Intel Capital Announces $300M Ultrabook Fund

Intel Capital Announces $300M Ultrabook Fund

By Team Tc

  • 11 Aug 2011

Intel Capital, the global investment arm of chipmaker Intel, has set up a $300 million Ultrabook Fund for its new, lightweight laptop range.

The Ultrabook Fund will invest in start-ups developing hardware and software around user experiences, storage, battery life and slim component and platforms for the new category of devices by Intel – Ultrabooks. Ultrabooks are somewhere between laptops and Tablets in terms of dimensions and features. They are thinner (less than 0.8 inch in thickness), lighter and will be priced at mainstream rates (less than $1000). The investments by Ultrabook Fund will be continued over the next three-four years.

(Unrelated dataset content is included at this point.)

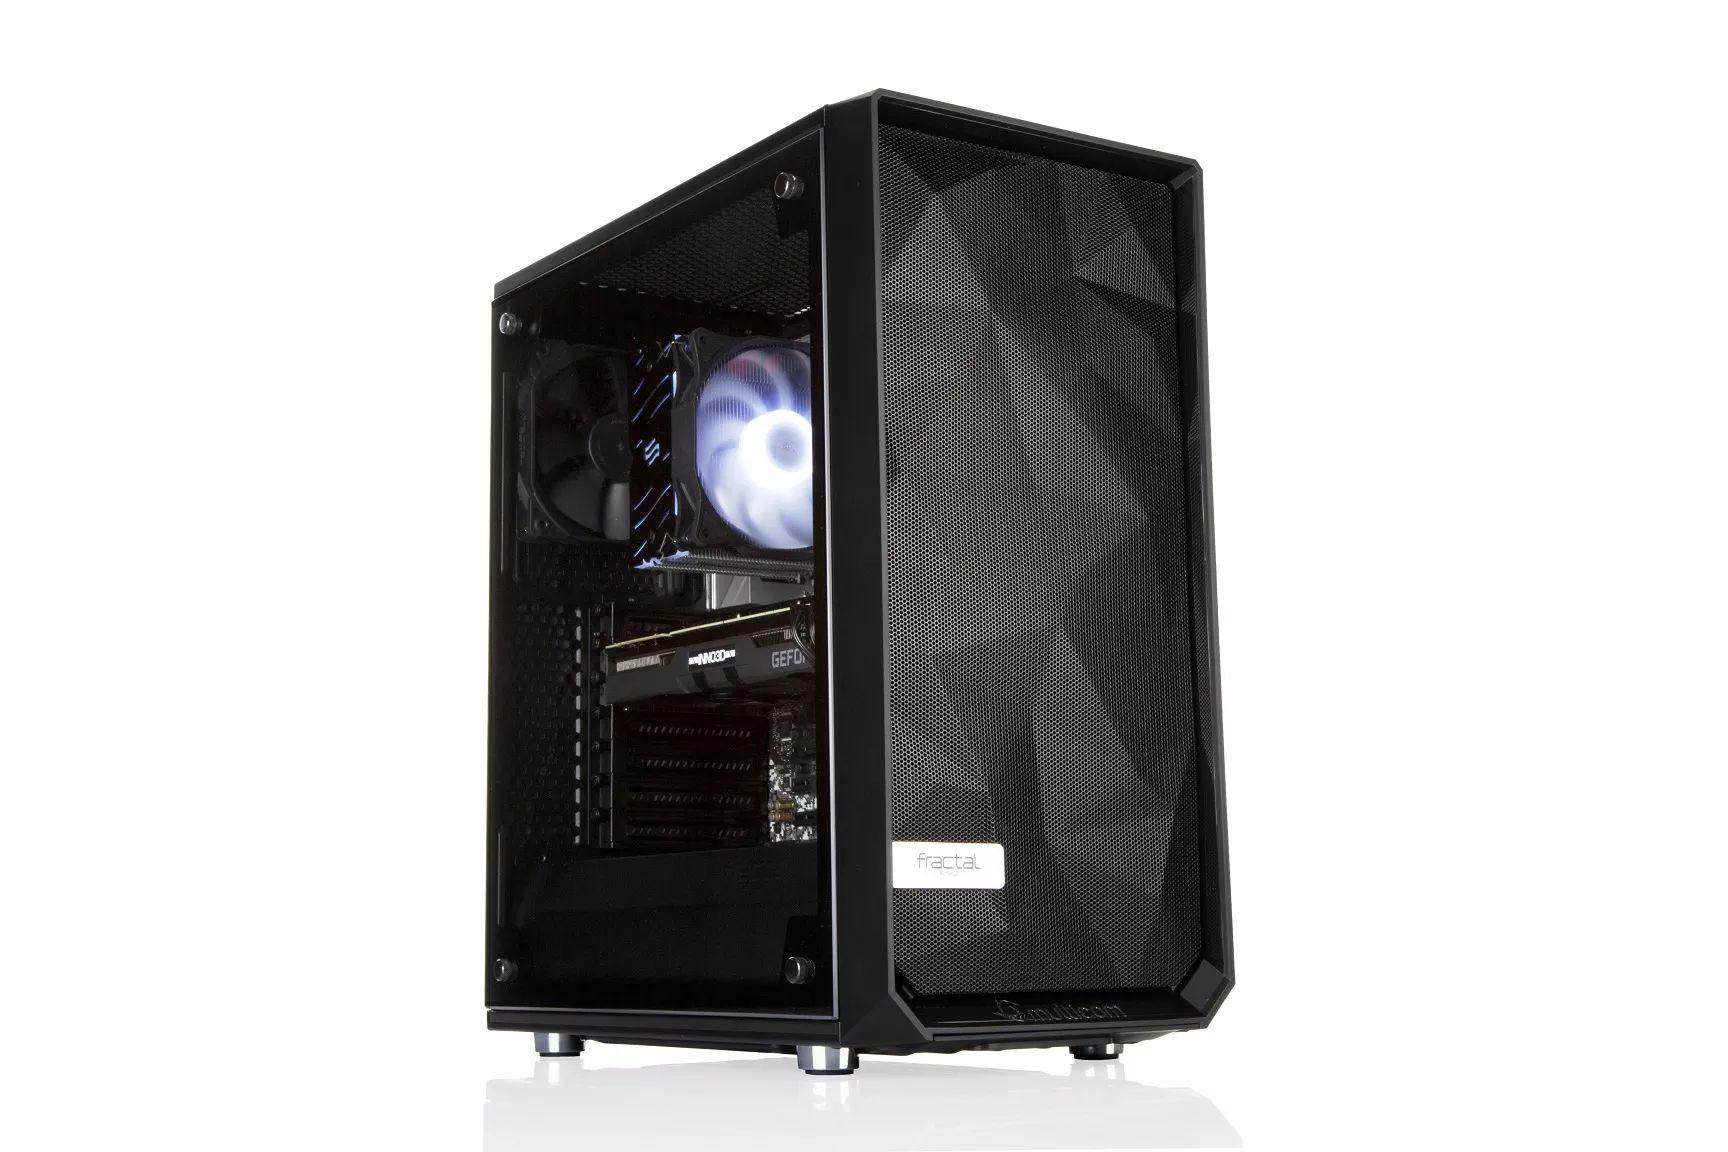 Multicom A824R Gaming PC

“Ultrabook devices are poised to be an important area of innovation in the $261 billion global computer industry,” said Arvind Sodhani, president of Intel Capital and Intel’s executive vice-president. “The Intel Capital Ultrabook fund will focus on investing in companies building technologies that will help revolutionise the computing experience and morph today’s mobile computers into the next must-have device.”

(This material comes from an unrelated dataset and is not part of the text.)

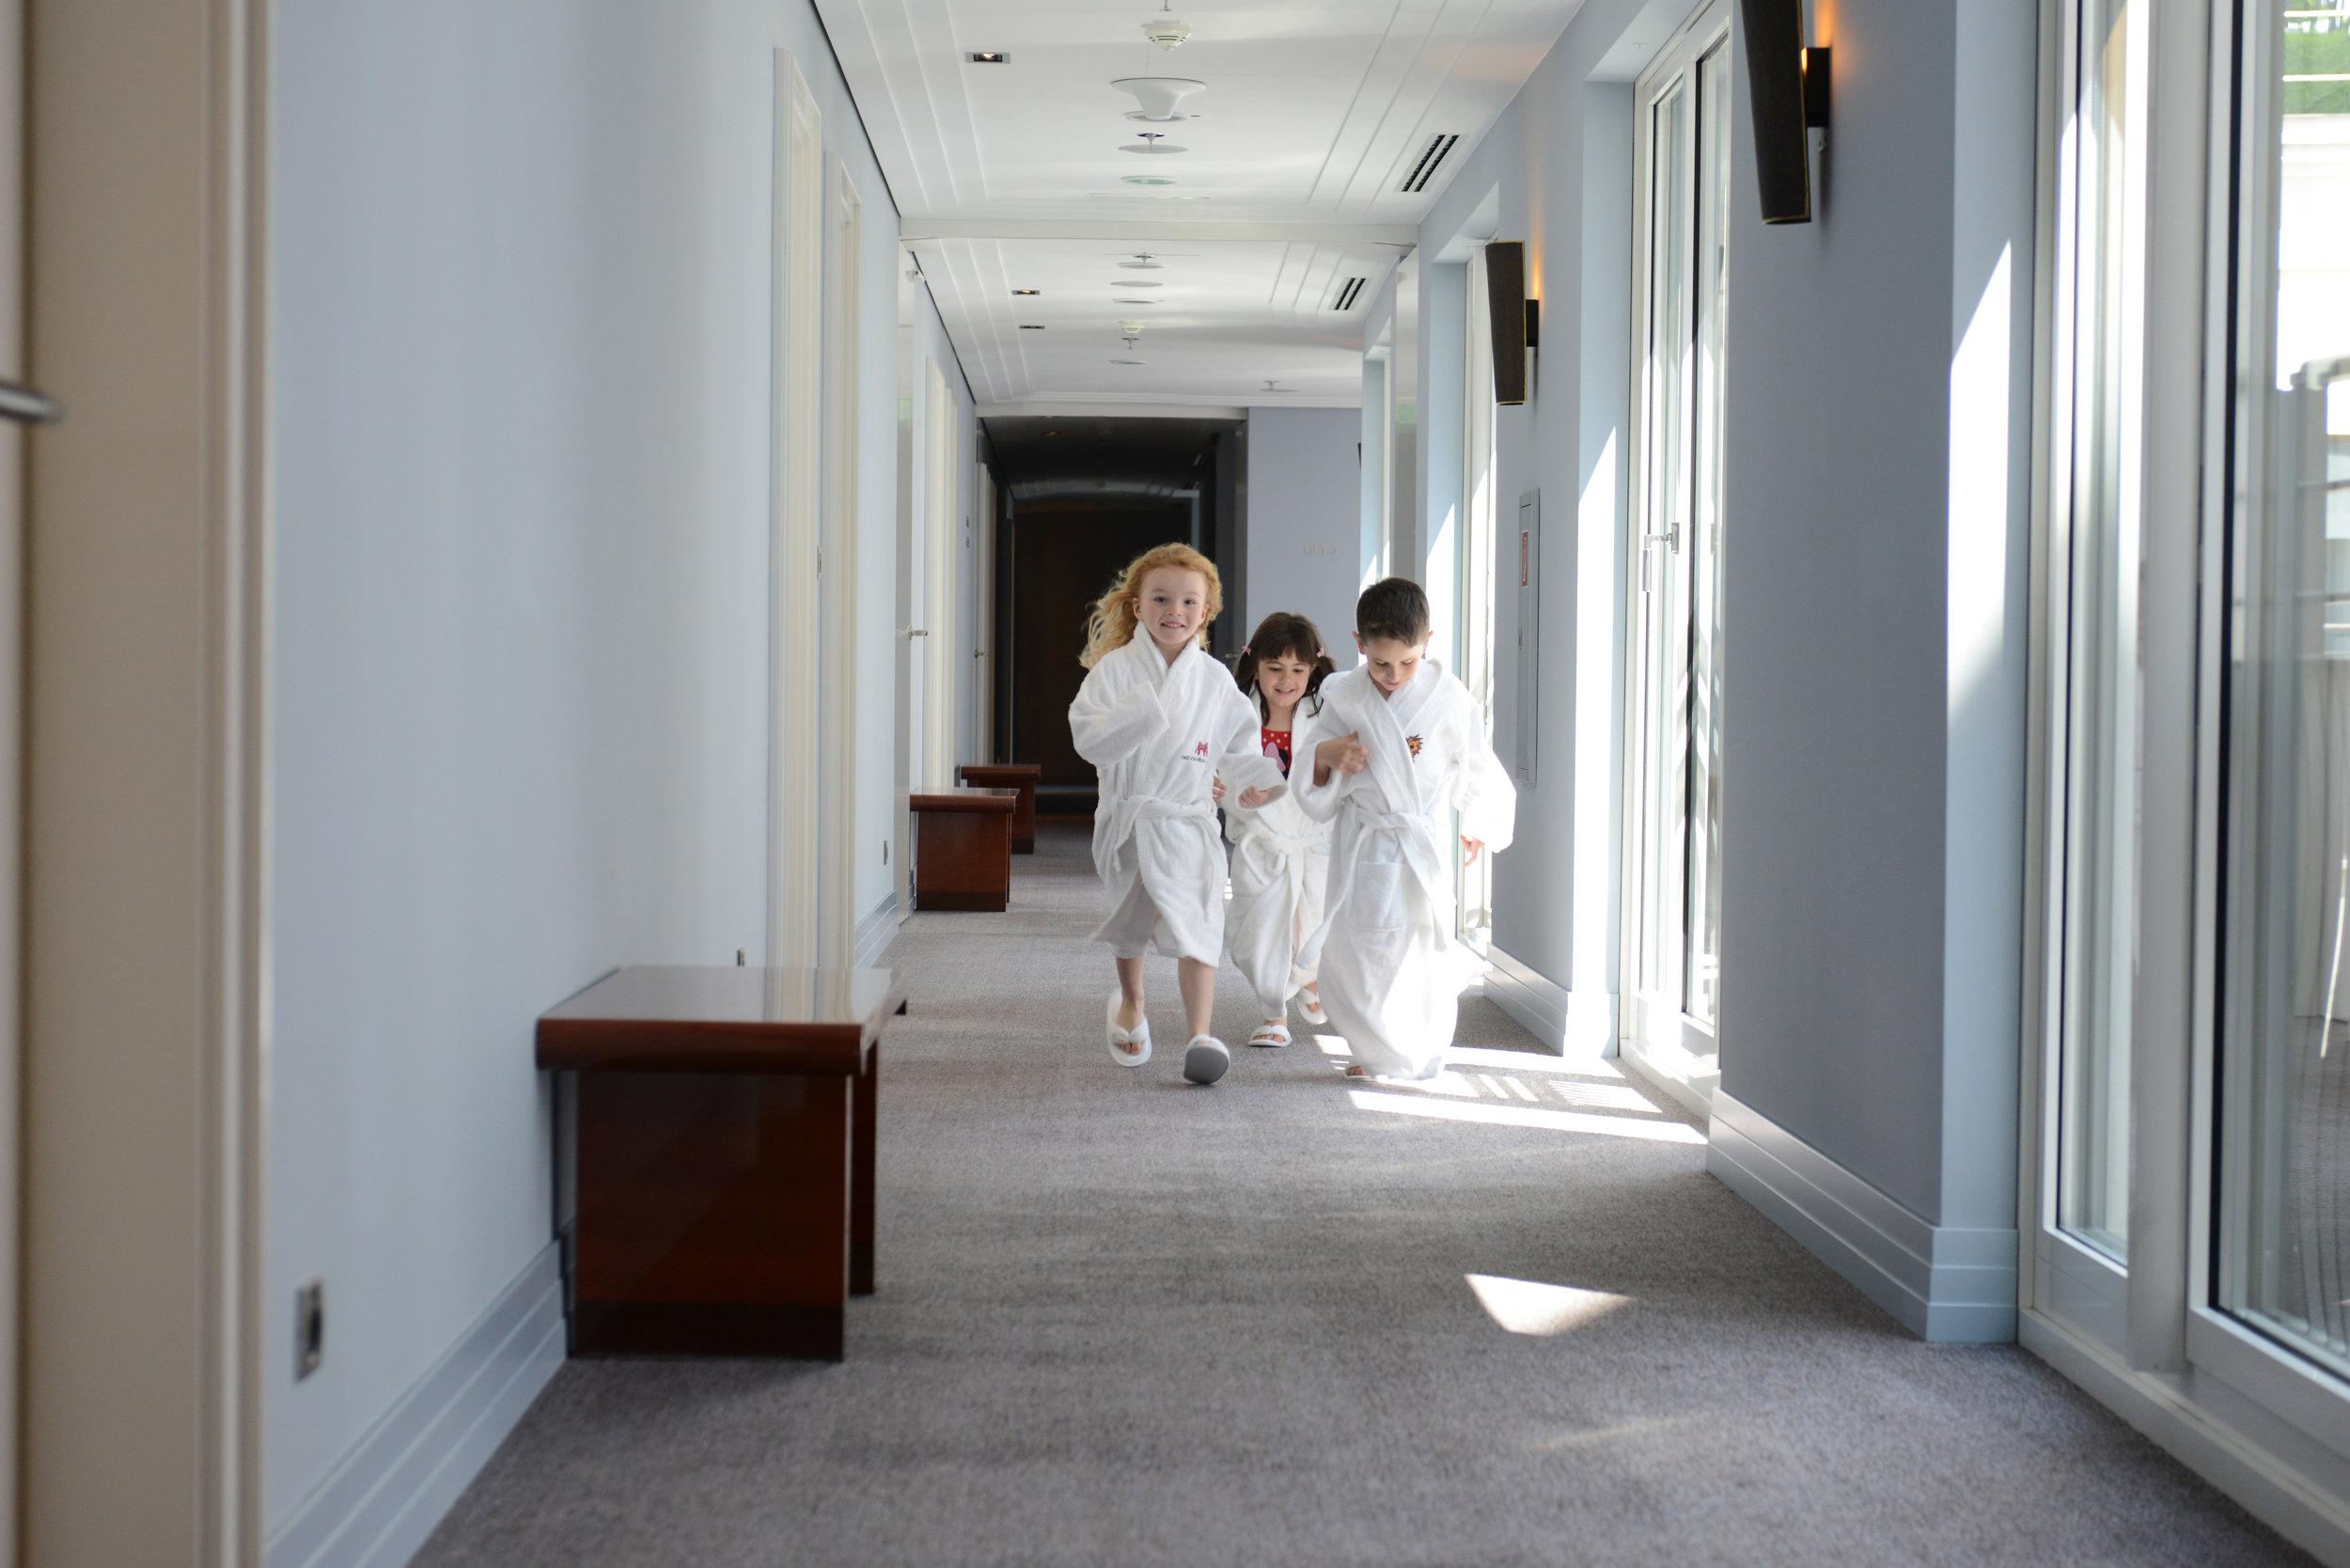 10 RFH Children at The Charles Hotel 6012 AH May 13.JPG

Ultrabooks were announced at the Computex Taipei Exhibition, held in Taiwan in May, 2011.

Interestingly, Intel will come up with various launches, starting with its second-generation Intel Core processors. Notebooks and Ultrabooks based on these processors – such as the Asus UX21 – will be launched by the end of this year. Again, in the first half of 2012, Intel will release systems based on ‘Ivy Bridge’ processors which will bring improved power efficiency, smart visual performance, increased responsiveness and enhanced security. In 2013, Intel has planned the third step in the Ultrabook device progression with ‘Haswell’ processors, which will reduce power consumption to half.

Intel Capital invests in start-ups which function across hardware and software space, and provide services for enterprise, home, mobility, health, consumer Internet, semiconductor manufacturing and cleantech. In 2010, Intel Capital had invested $327 million in 119 companies. In India, it had set up a $250 million India Technology Fund back in December, 2005, and has portfolio companies such as the Noida-based Wortal Technologies that runs local events portal BuzzInTown, Pune-based Persistent Systems, Infrasoft Technologies, KLG Systel and Multi Commodity Exchange. Its recent investments were in online travel agency Yatra Online Pvt Ltd, mobile VAS firm July Systems, online insurance retailer PolicyBazaar and healthcare technology firm Sudhir Srivastava Robotics Surgery Center Pvt Ltd. The India Technology Fund is now aggressively investing in consumer Internet, Cloud computing, education, information technology and other related services.

The technology start-up ecosystem in India has progressed over the past year with a steep rise in the number of Indian entrepreneurs launching ventures across online and mobile space. With the backing of the Ultrabook fund, entrepreneurs in hardware and embedded software development sectors may also find an opportunity to bring their innovations to the world and scale up.